Hardening isn’t one-and-done — configurations drift and new gaps appear. Scan against a benchmark, automate the baseline, and re-check continuously so security holds.
Why: you cannot trust that a system is hardened without measuring it, so a configuration audit against a benchmark (CIS/STIG) reports exactly which controls pass and which are missing — turning "we hardened it" into evidence. When: scan after hardening and on a schedule; the report is your prioritized to-do list. Where: this closes the loop with the harden-to-a-baseline principle from the first lesson, and mirrors the defender side of a vulnerability assessment.
# Audit a Linux host against hardening best practices:
lynis audit system # produces findings + a hardening index
# Automated CIS/STIG scanning:
oscap xccdf eval --profile cis \
--results scan.xml /usr/share/xml/scap/ssg/content/ssg-ubuntu.xml
# The report is a prioritized to-do list: fix the failed controls first.Why: applying hardening by hand does not scale and drifts over time, so the baseline is codified as configuration-as-code and applied automatically to every system, guaranteeing consistency. When: manage hardening with Ansible/Puppet or golden images so a new server is born hardened. Where: infrastructure-as-code makes hardening repeatable and reviewable — the same discipline as the IaC and MLOps courses, applied to security.

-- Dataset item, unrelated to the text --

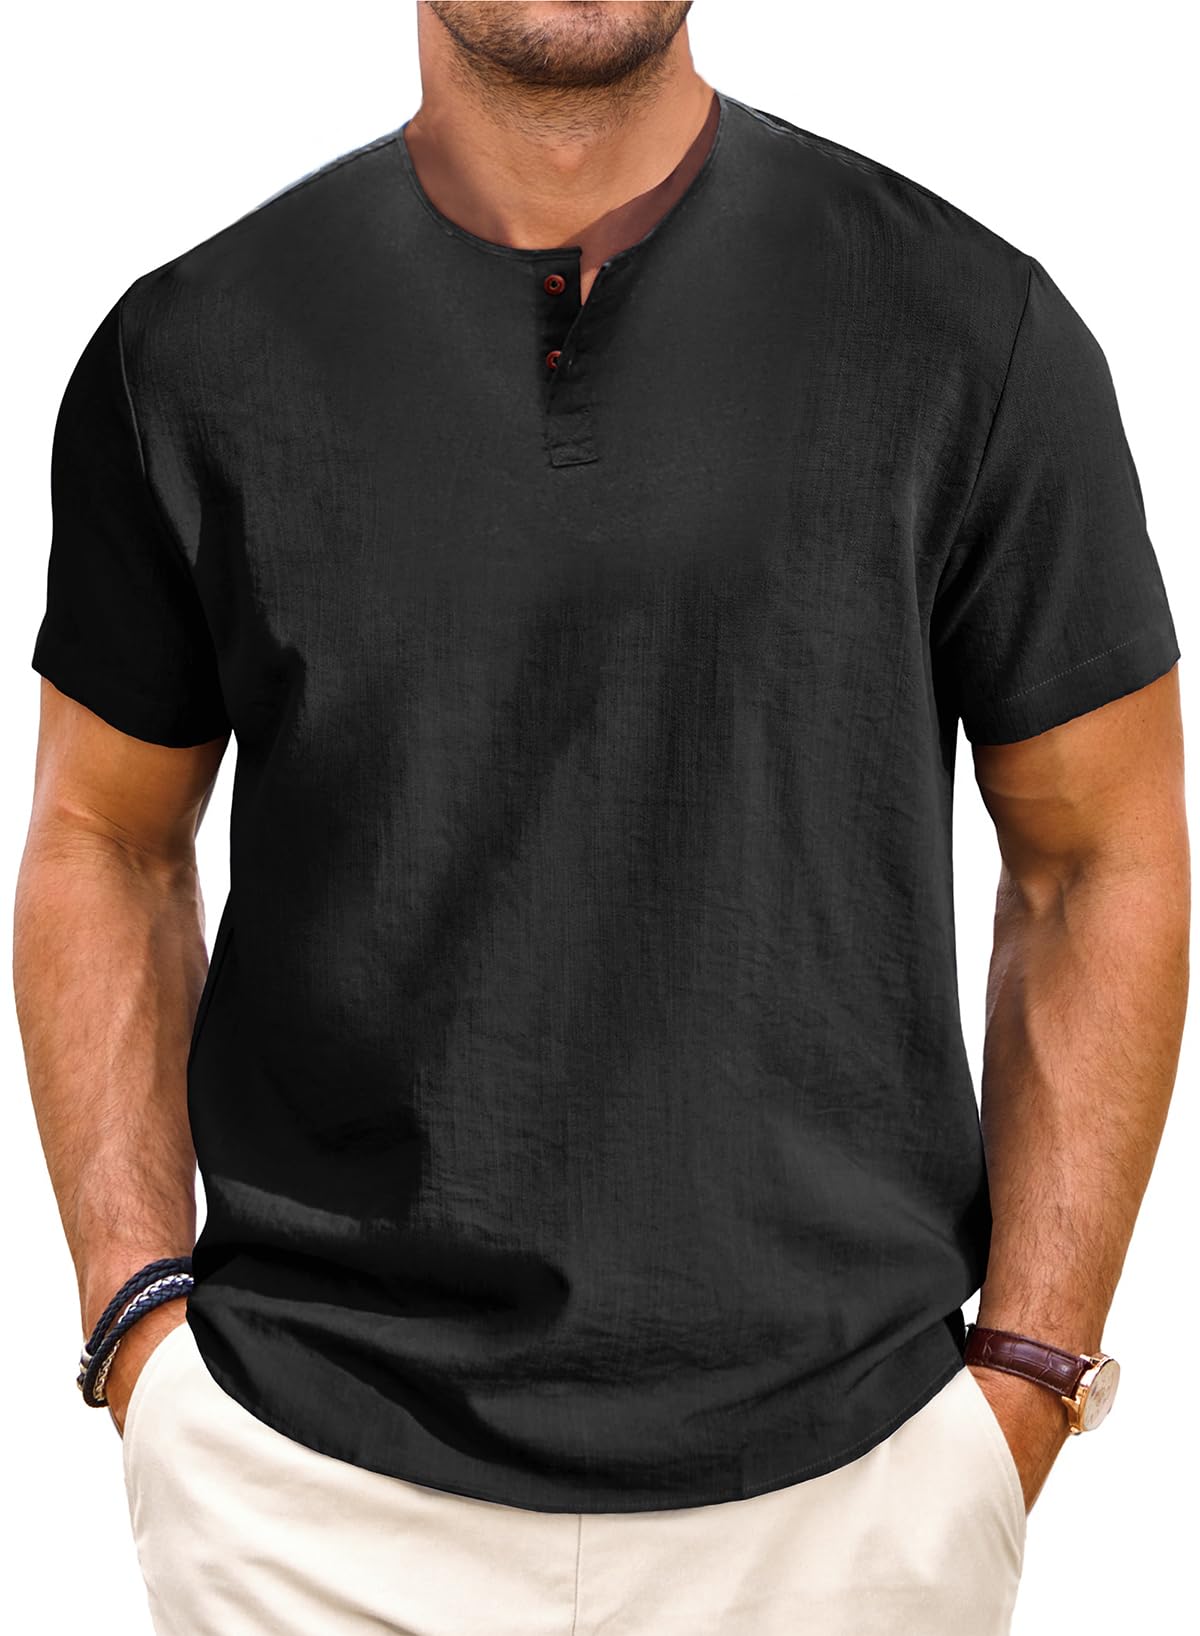 Men's Casual Linen Short Sleeve T-Shirt

# Codify hardening so every host is configured identically (Ansible example):
# - name: Disable root SSH login
# lineinfile:
# path: /etc/ssh/sshd_config
# regexp: '^PermitRootLogin'
# line: 'PermitRootLogin no'
# notify: restart sshd
# Ready-made hardening roles exist (e.g. CIS/DevSec Ansible baselines).
# New server -> hardened from birth, not hardened later by hand. No drift.Why: even a perfectly hardened system drifts — someone opens a port, disables a control, installs software — so continuous monitoring re-checks compliance and alerts on deviations, keeping security from silently eroding. When: re-scan on a schedule and alert when a system falls out of baseline. Where: this makes hardening a living process rather than a one-time project, and the drift alerts themselves become detection signals.
Hardening is CONTINUOUS, not a one-time project:
[ ] re-scan against the benchmark on a schedule (config drift is constant)
[ ] alert when a host falls out of baseline (a port opened, a control off)
[ ] file-integrity monitoring on critical configs (AIDE / Tripwire)
[ ] re-apply the codified baseline automatically to correct drift
[ ] feed drift + integrity alerts into the SIEM as detection signals
Configurations rot. Continuous validation is what keeps them hardened.